Lanjutnya, tahun terdapat perubahan sistem operasi dalam penggunaan Sistem Informasi Manajemen Daerah (Simda), dari Simda versi desktop ke versi Simda web.
“Saat ini kita memakai Finansial management, information System -Next Generation (Simda-NG),” tuturnya.
Dia menjelaskan, saat ini Pemkab Tubaba baru melakukan penyerapan anggaran untuk pembayaran gaji mulai dari Bupati, Wakil Bupati dan seluruh ASN di Tubaba serta Anggota DPRD. Sebesar Rp14, 39 Miliar.
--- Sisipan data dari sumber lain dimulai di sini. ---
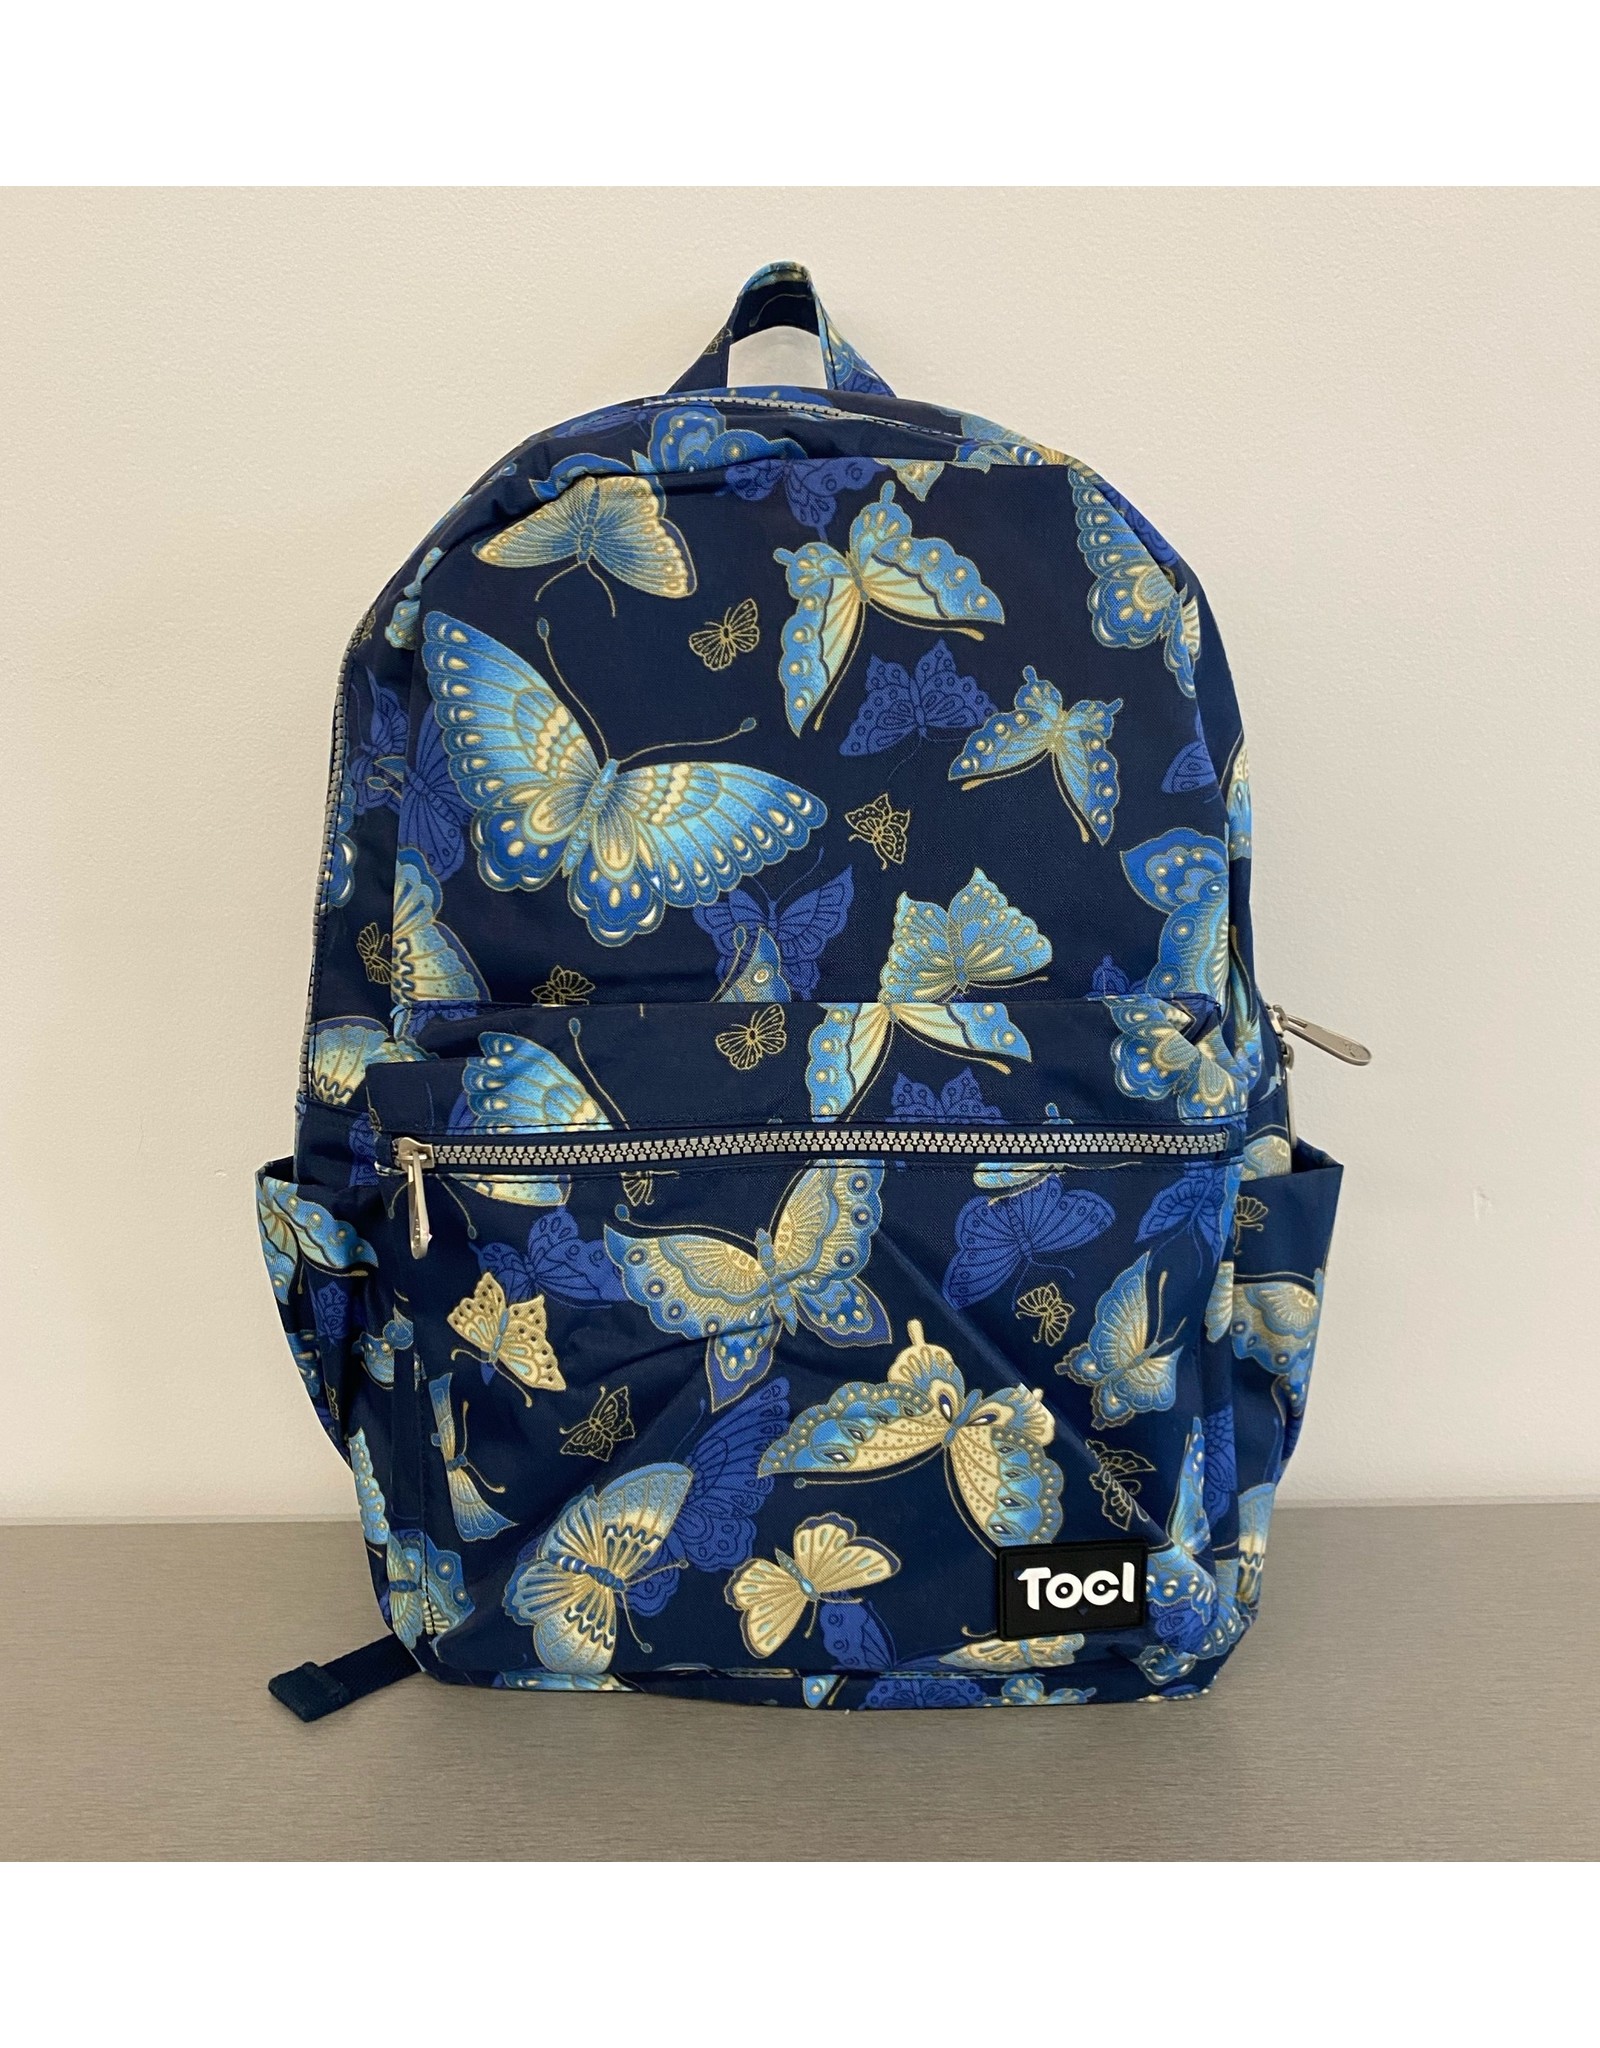 Toci - Blue Butterfly Backpack
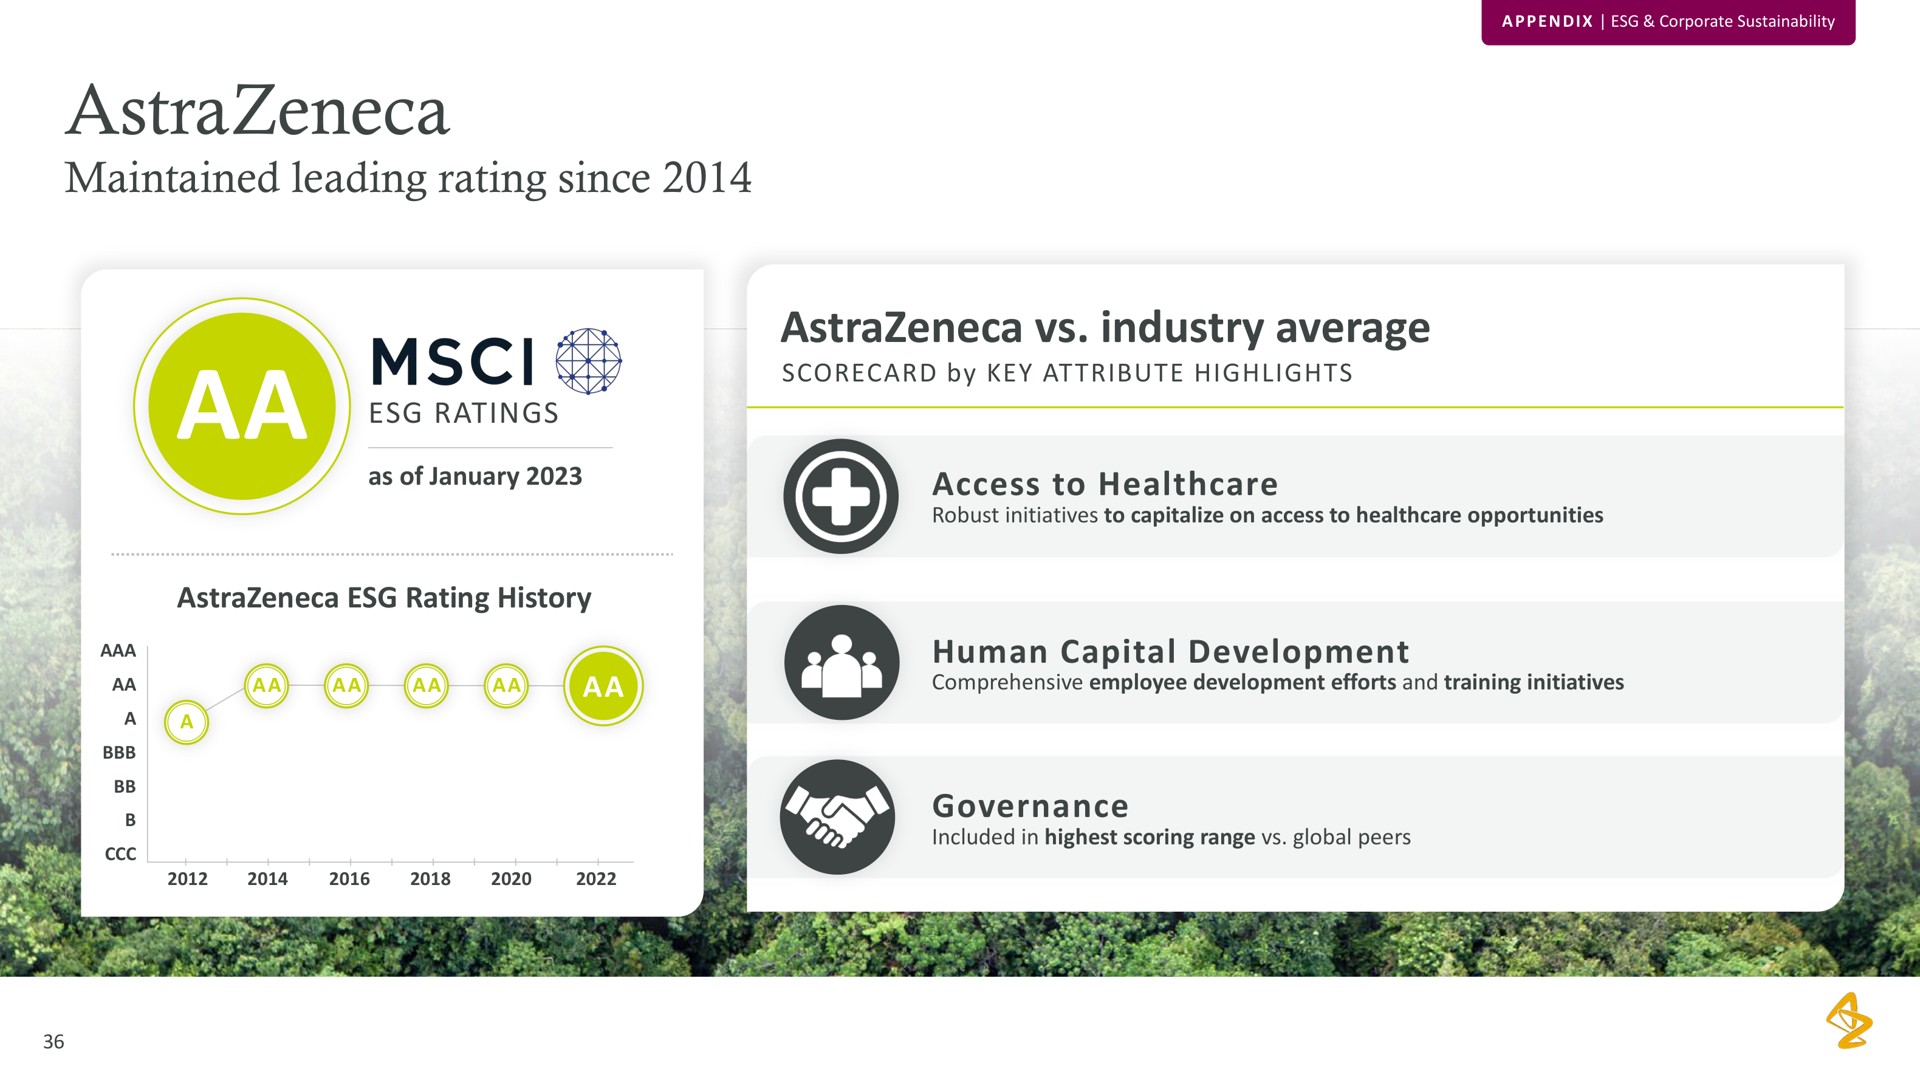 maintained leading rating since ratings rating history industry average access to human capital development governance | AstraZeneca

“Secara umum pembayaran gaji sebesar Rp14.390.166.813, sementara untuk potongan berupa iuran wajib pegawai, BPJS kesehatan. Pph 21. Dan potongan Jaminan kecelakaan kerja, dan jaminan kematian (JJK dan JKM) sebesar 1.718.428.772,” pungkasnya. (Jim)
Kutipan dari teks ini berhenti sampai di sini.